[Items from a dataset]
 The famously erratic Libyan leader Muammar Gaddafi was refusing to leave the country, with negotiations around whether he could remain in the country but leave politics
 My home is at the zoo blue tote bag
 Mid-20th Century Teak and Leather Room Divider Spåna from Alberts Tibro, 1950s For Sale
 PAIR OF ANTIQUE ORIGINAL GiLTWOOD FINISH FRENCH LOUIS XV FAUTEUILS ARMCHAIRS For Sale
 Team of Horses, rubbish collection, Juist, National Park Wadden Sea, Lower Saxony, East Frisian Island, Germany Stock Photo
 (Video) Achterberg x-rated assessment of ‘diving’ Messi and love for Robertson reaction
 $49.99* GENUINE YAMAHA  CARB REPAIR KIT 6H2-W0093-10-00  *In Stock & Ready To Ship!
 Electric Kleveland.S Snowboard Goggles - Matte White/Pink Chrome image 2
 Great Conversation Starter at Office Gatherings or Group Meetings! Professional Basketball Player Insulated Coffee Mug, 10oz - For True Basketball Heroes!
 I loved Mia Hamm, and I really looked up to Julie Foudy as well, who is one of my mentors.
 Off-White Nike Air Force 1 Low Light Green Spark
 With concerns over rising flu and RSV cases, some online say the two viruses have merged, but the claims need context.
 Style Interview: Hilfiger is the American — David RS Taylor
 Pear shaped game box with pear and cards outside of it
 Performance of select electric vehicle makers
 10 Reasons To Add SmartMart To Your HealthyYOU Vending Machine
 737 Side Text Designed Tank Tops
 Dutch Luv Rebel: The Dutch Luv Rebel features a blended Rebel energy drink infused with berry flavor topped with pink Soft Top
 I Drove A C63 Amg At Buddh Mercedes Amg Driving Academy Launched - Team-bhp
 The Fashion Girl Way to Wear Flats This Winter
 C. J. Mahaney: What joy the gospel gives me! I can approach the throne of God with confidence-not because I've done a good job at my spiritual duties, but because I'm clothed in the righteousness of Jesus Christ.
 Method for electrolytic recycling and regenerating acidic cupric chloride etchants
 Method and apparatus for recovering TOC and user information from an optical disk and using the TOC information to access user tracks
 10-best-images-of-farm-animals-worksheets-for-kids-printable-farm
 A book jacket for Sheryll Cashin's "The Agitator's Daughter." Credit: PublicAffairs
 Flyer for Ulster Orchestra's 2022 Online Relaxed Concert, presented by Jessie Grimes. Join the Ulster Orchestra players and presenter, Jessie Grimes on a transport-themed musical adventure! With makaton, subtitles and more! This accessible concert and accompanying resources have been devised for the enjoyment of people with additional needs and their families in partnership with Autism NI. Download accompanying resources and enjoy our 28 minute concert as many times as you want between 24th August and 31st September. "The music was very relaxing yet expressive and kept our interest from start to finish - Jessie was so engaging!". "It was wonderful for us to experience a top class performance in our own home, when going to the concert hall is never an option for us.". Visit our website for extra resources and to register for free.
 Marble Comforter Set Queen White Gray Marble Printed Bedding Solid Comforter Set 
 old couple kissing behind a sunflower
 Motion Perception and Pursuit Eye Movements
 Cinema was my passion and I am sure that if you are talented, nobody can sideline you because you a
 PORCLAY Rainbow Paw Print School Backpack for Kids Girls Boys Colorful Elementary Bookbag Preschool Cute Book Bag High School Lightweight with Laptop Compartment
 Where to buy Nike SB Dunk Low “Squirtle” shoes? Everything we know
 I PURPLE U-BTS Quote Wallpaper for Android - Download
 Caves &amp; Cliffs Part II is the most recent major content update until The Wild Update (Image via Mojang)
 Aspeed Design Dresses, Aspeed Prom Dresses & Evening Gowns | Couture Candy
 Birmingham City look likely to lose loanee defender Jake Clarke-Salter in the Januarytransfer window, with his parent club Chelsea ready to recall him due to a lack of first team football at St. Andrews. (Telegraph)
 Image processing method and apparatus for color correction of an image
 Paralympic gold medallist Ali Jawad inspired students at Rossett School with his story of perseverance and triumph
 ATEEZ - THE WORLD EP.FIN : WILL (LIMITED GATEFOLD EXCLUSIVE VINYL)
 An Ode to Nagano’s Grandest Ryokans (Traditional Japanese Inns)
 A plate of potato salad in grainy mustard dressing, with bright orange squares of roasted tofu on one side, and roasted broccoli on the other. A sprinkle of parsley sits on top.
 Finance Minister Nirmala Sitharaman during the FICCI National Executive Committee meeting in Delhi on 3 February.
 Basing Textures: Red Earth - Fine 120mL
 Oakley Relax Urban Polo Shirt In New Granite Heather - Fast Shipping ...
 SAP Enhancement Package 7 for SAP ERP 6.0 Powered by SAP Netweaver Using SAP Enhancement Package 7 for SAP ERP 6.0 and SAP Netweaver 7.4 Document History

Task description: Which lines of the records hold the string "apparatus"? Copy each one.

Output of the exercise:
 Method and apparatus for recovering TOC and user information from an optical disk and using the TOC information to access user tracks
 Image processing method and apparatus for color correction of an image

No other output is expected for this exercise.